#### PROBLEM DESCRIPTION
Return exactly the lines below, starting with the one that has "Star Wars: Millennium" and going on through the one that has "<p>18-year-old Douglas Amaya".

#### RECORDS SUPPLIED
++++

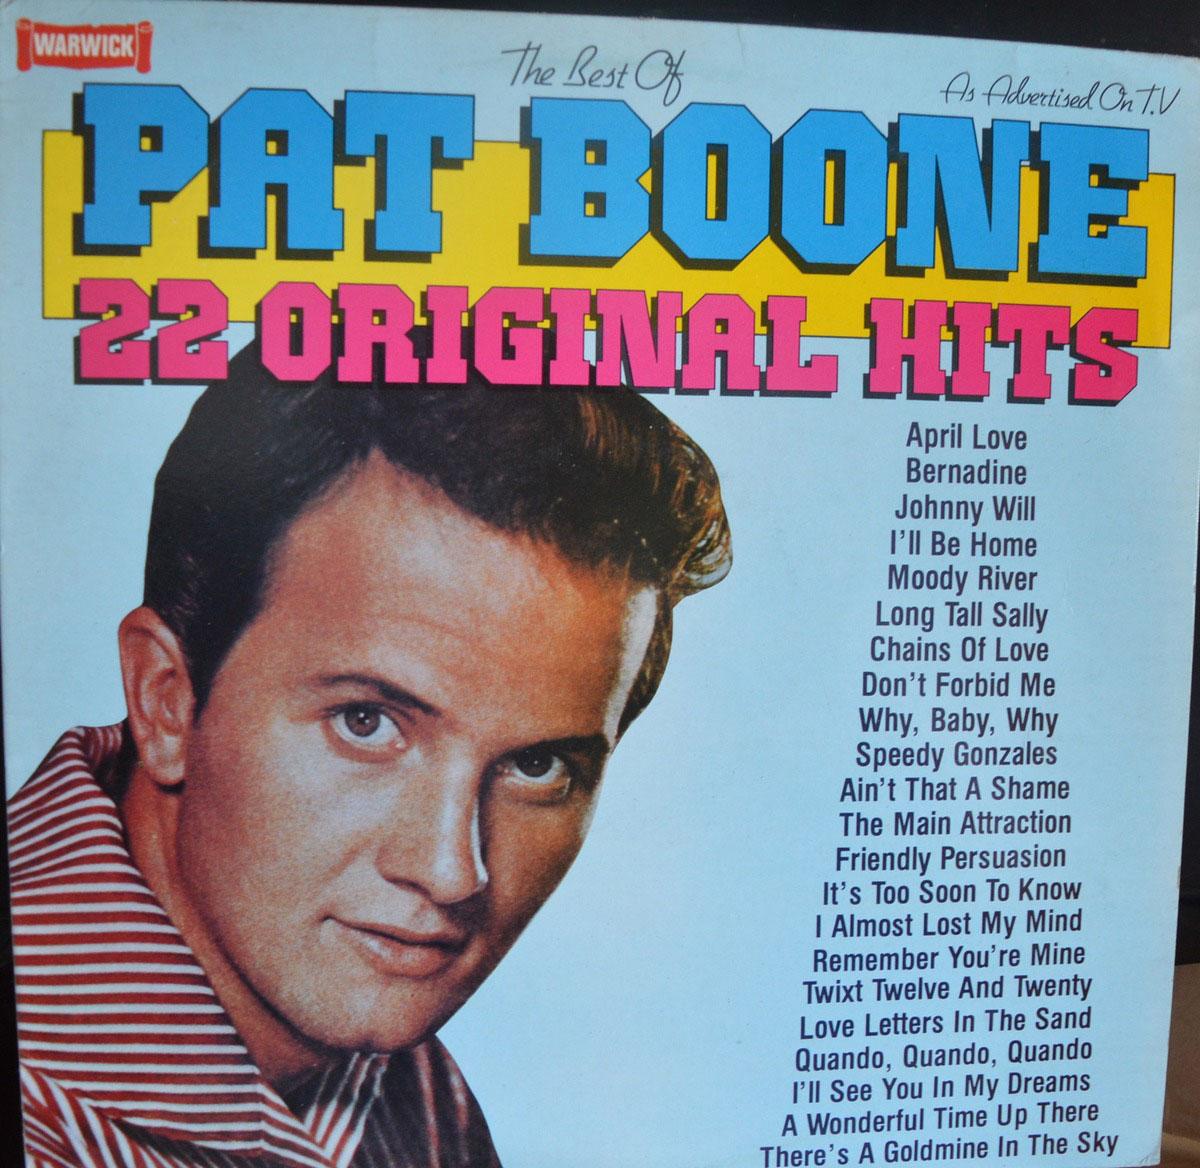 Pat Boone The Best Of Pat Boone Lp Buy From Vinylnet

++++

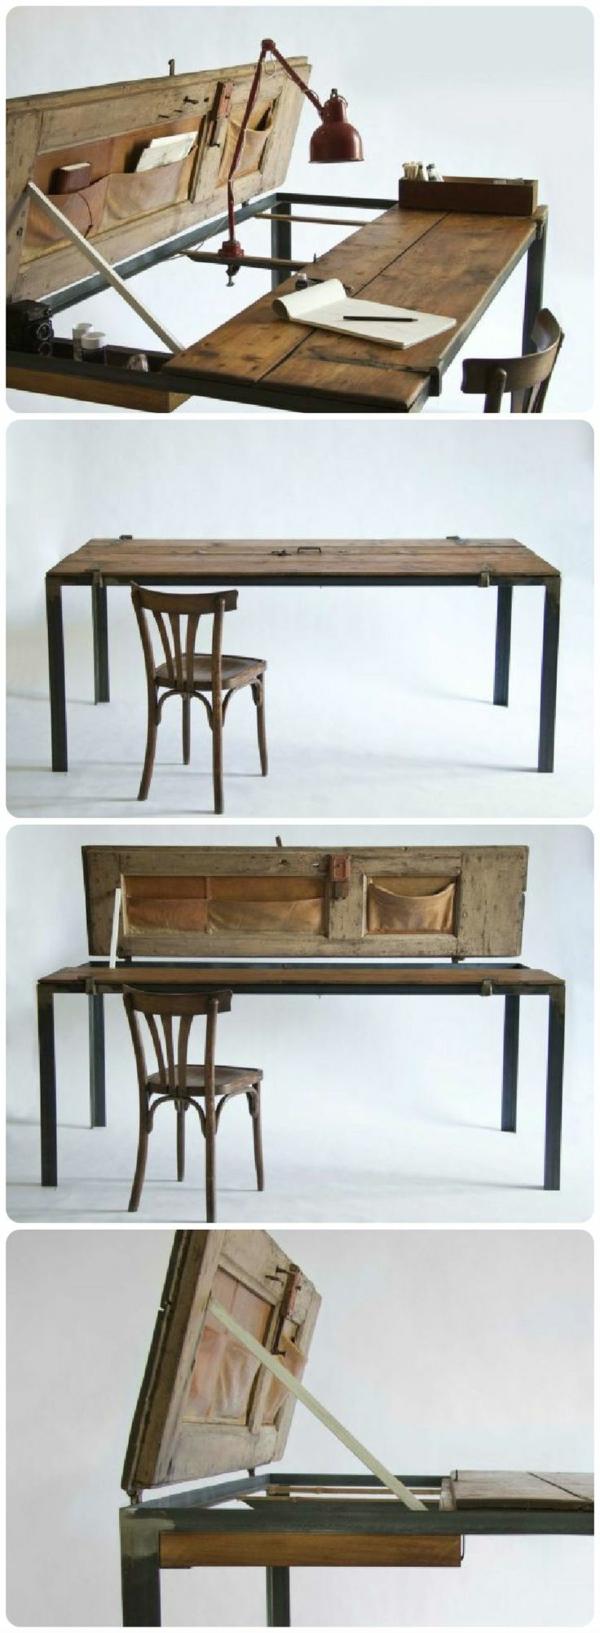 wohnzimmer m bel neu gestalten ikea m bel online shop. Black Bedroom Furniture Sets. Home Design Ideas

++++

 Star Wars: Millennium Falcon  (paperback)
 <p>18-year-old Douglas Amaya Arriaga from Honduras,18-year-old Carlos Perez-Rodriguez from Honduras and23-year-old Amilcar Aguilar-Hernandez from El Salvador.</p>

++++

#### ANSWER FOR THE TASK
 Star Wars: Millennium Falcon  (paperback)
 <p>18-year-old Douglas Amaya Arriaga from Honduras,18-year-old Carlos Perez-Rodriguez from Honduras and23-year-old Amilcar Aguilar-Hernandez from El Salvador.</p>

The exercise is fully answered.